Anyone Can Learn

I’ve started a project called “AnyoneCanLearn”. You can read the information there for the goals and values and everything; this blog post isn’t about promoting it or explaining it. It’s about providing my motivation.

For a long time, I’ve been asked questions about iOS development. People email me or tweet at me all the time because they have questions about one of my books or open source projects. I love getting these emails and I try my best to respond to each one in a timely manner. Usually, though, if the question is novel, I’ll suggest asking it on Stackoverflow. That way, others can benefit from the answer I put there. My common refrain has been “open source your question so they can open source the answer”, and I’ve thought this was a good idea.

The other day, I asked a question on Stackoverflow about a topic that I am a beginner in. And one of the comments struck a nerve with me. It was unconstructive and inflammatory, and it was from someone with over 60k reputation points on Stackoverflow. I felt pretty hurt, and I’ve grown thick skin.

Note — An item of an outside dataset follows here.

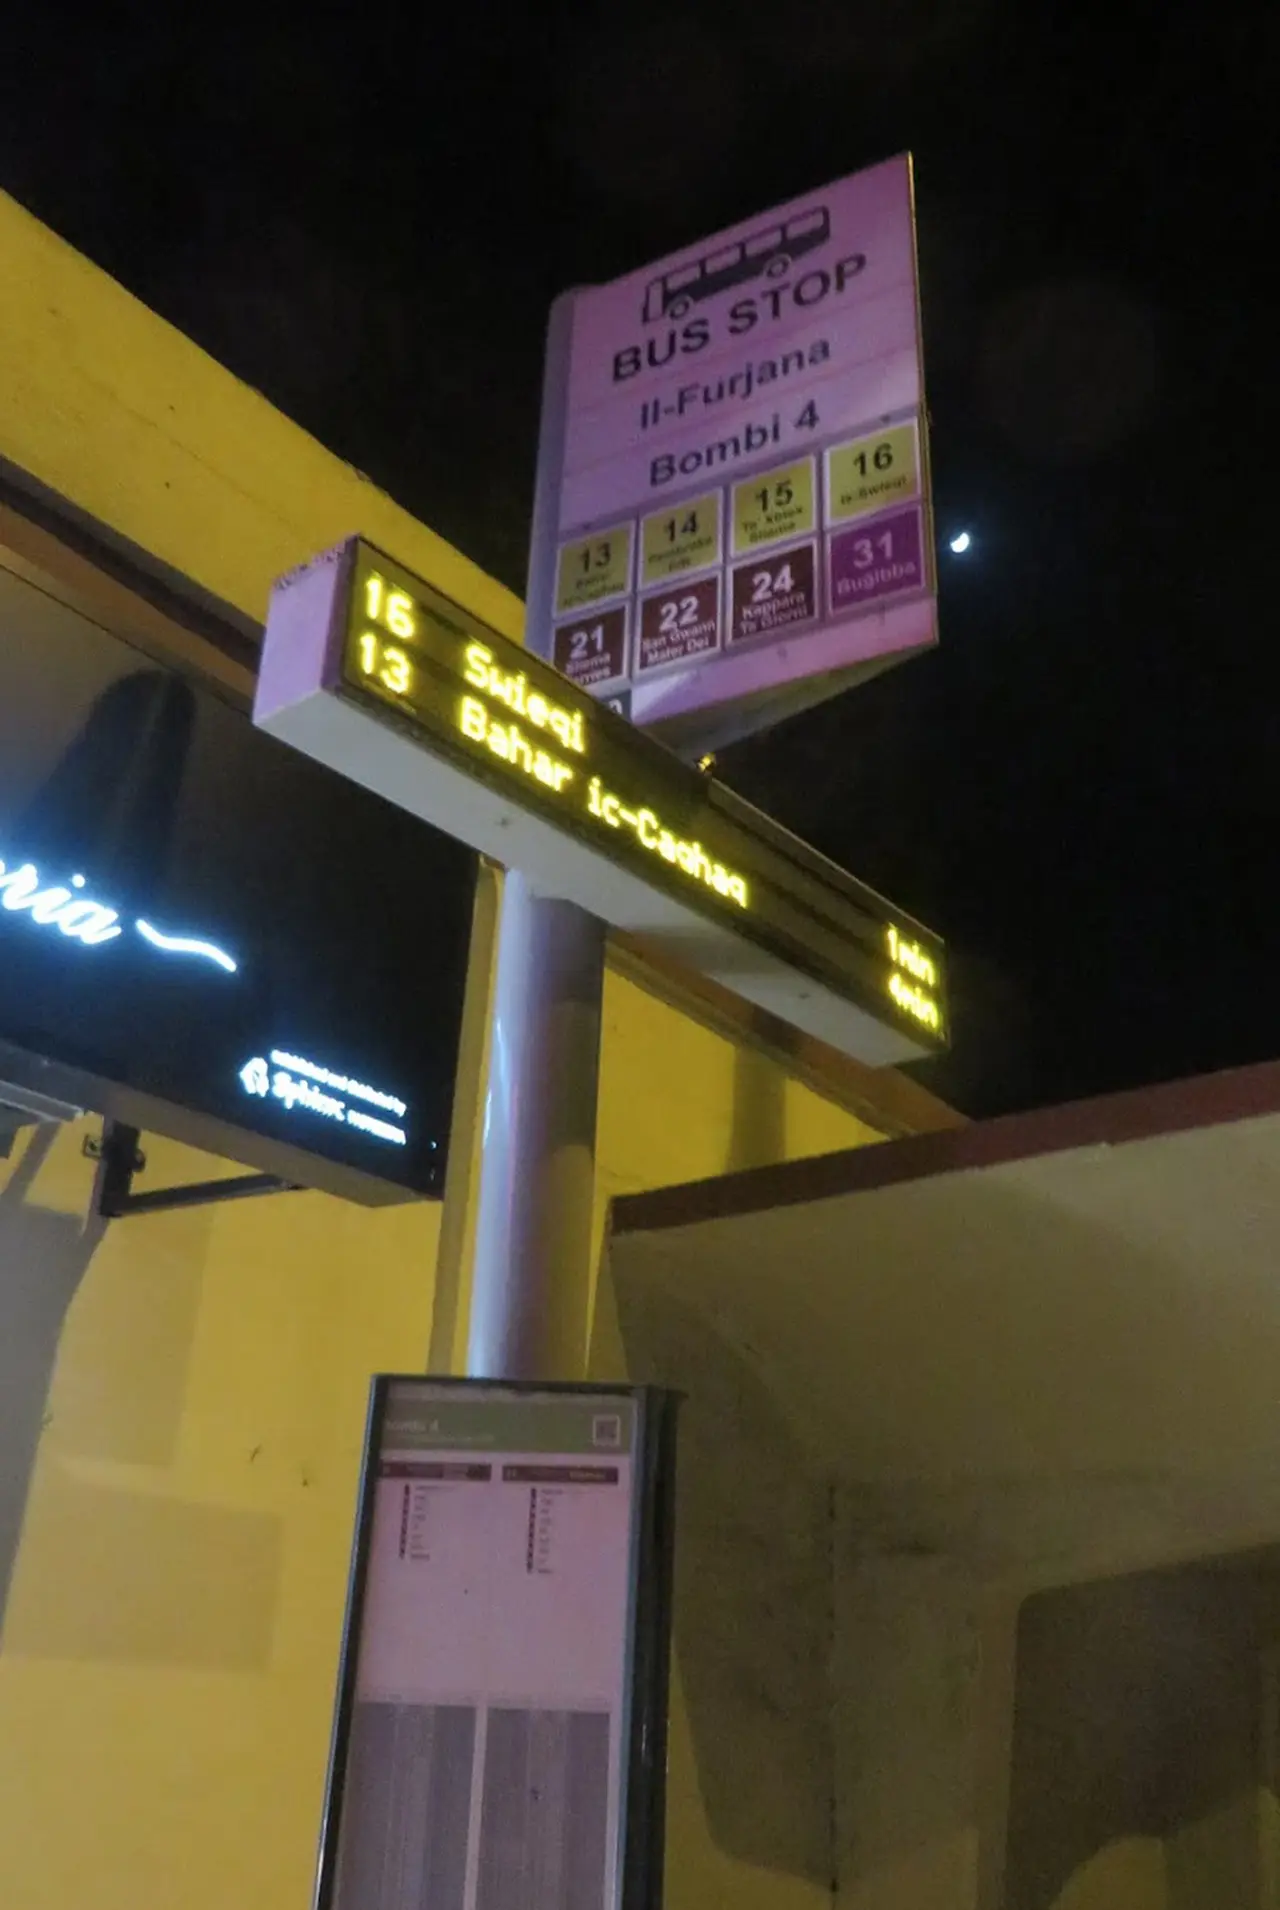 英語表示でわかりやすいバス停。ルートはグーグルで調べていきました

I put myself in the shoes of a beginner asking their first question online and imagined the kind of attitude that they’d get from developers. A friend on Twitter pointed out that it’s even worse for women. And I got thinking. Wouldn’t it be awesome if there were a place that provided resources for how to ask good questions? For how to answer questions with respect? And just generally how to make being a software developer a more awesome experience?

Can I, knowing they might be mocked for inexperience, suggest that beginners ask question on stack overflow? not sure anymore.

— Ash Furrow (@ashfurrow) September 10, 2014> What I had forgotten is that our community is vindictive. It is sadistic. It makes itself feel good by making others feel bad.

— Ash Furrow (@ashfurrow) September 10, 2014

After talking it over with my wife and some friends, I decided to pull the trigger. Maybe this will be a flash in the can and fizzle out, but I really do hope that it becomes something that helps learners and teachers contribute to their communities in more positive ways.